The placement of GCs in the enterprise has always been a much-debated issue. Some companies put a GC in every site, whereas others put multiple GCs in each site for redundancy. Compaq's strategy was to put GCs in poorly connected sites, in prime sites on the corporate backbone, and as few others as possible. The philosophy was to utilize the network bandwidth as much as possible. If the network bandwidth was sufficient between locations, Compaq would collect them into a single site with a single DC and GC, thus utilizing the network to reduce the need for GCs. For example, the entire country of Canada only had 2 sites, and enterprisewide, only about 80 sites were serving about 800 locations. Exchange 2000 caused GCs to be placed deeper in the structure than originally anticipated, since it is used for Exchange's Global Address List and is accessed frequently by users.

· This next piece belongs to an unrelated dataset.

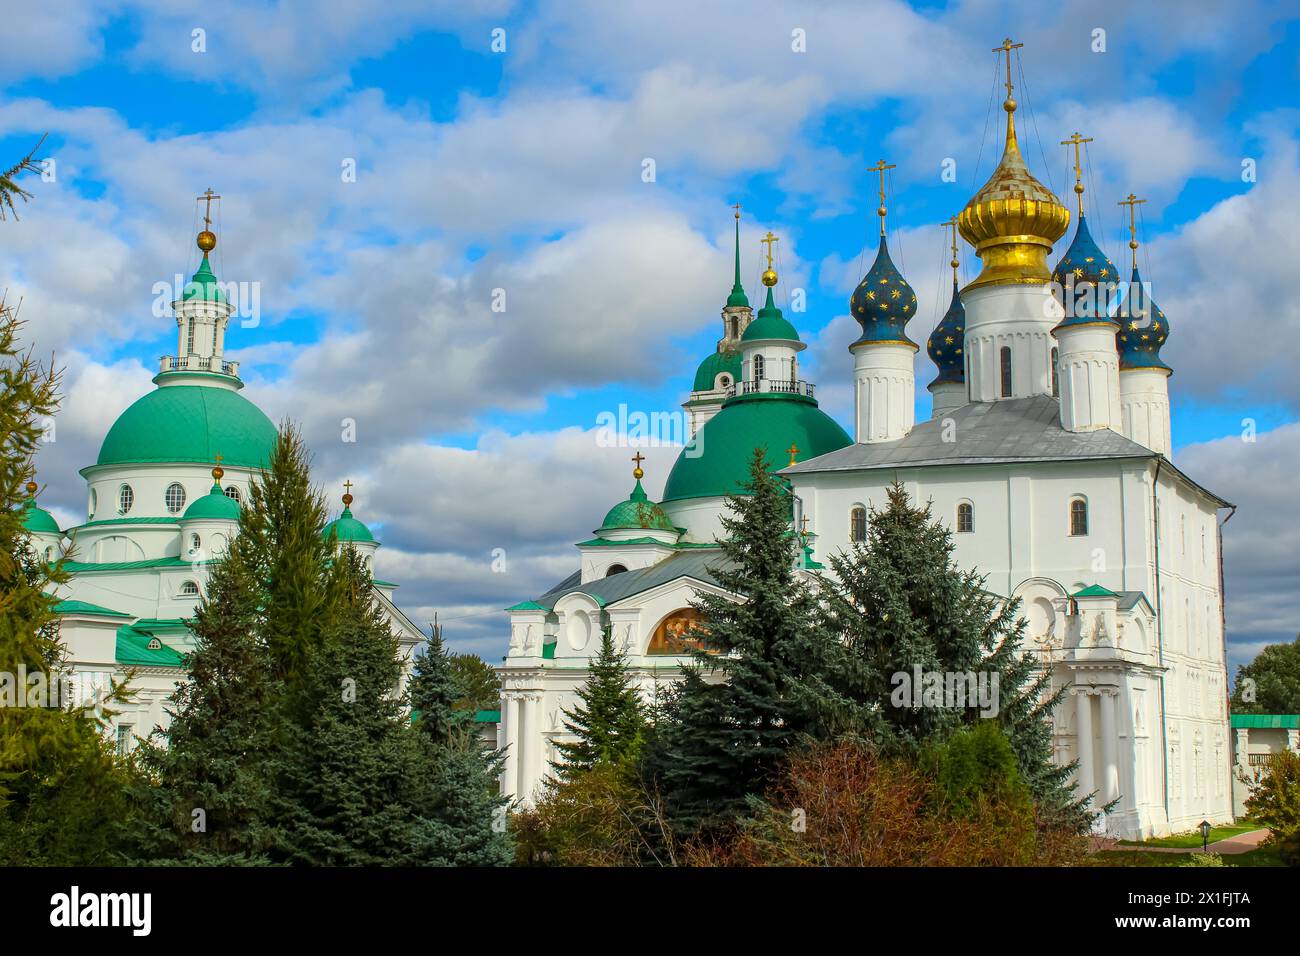 View of the temples of the Spaso-Yakovlevsky Monastery on a sunny winter day. Rostov Veliky, Russia Stock Photo
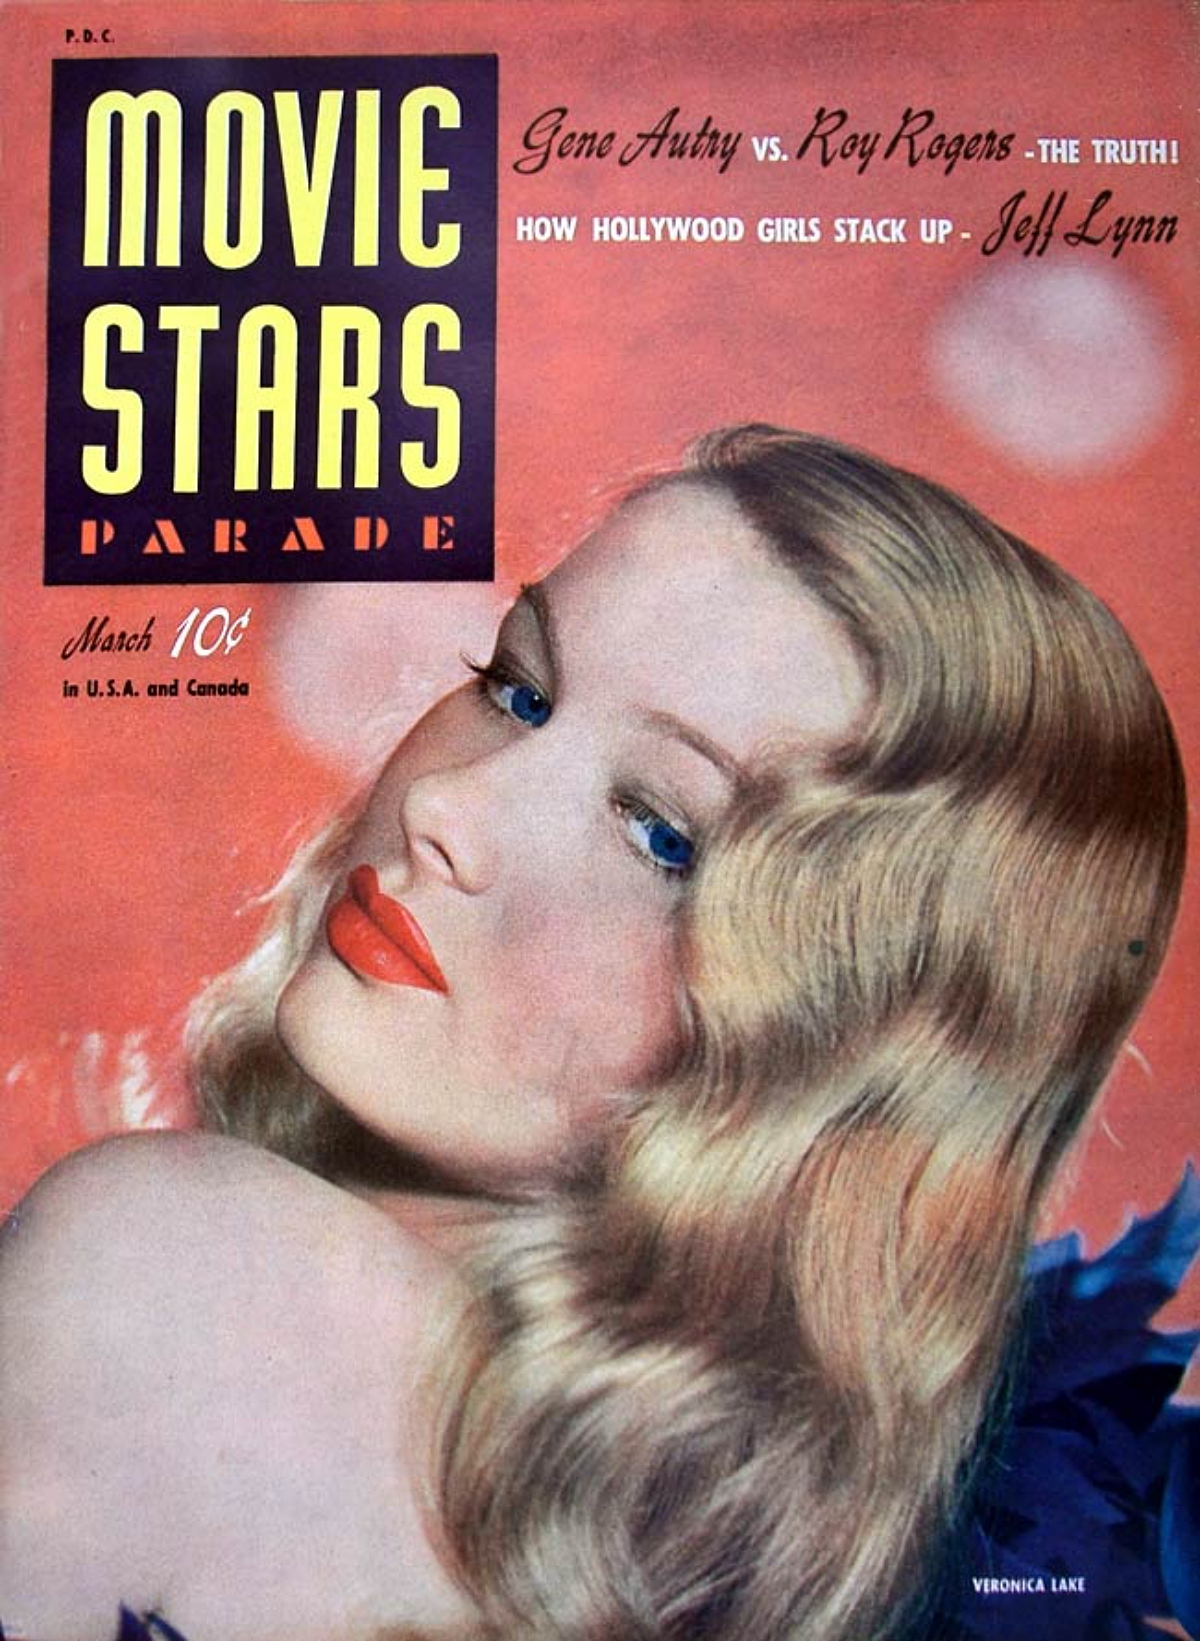 Veronica Lake sultry hairstyle

The key to GC placement is a good understanding of the GC functions and how they fit in your computing infrastructure. In the early days of Windows 2000, customers complained that the GC authentication required them to place GCs in small, remote sites to ensure authentication capability. Microsoft provided a Registry key (see Microsoft KB 241789, "How to Disable the Requirement that a GC Server Be Available to Validate User Logons") that turned this feature off, but warned that disabling this feature and using universal groups would cause a potential security hole. To mitigate this issue, Microsoft provided the Universal Group Membership Caching feature or Global Catalog Caching feature in Windows Server 2003 (described in Chapter 1). This allows DCs to contact a GC on behalf of a user, obtain the user's universal group membership, and cache it locally so the user can log on if a GC is not available. This is done on a site-by-site basis, allowing you to apply it on poorly connected sites that have a DC, but no GC. This feature makes a big difference in deploying GCs. Now you can enable GC Caching at a site until the population grows enough to justify a GC.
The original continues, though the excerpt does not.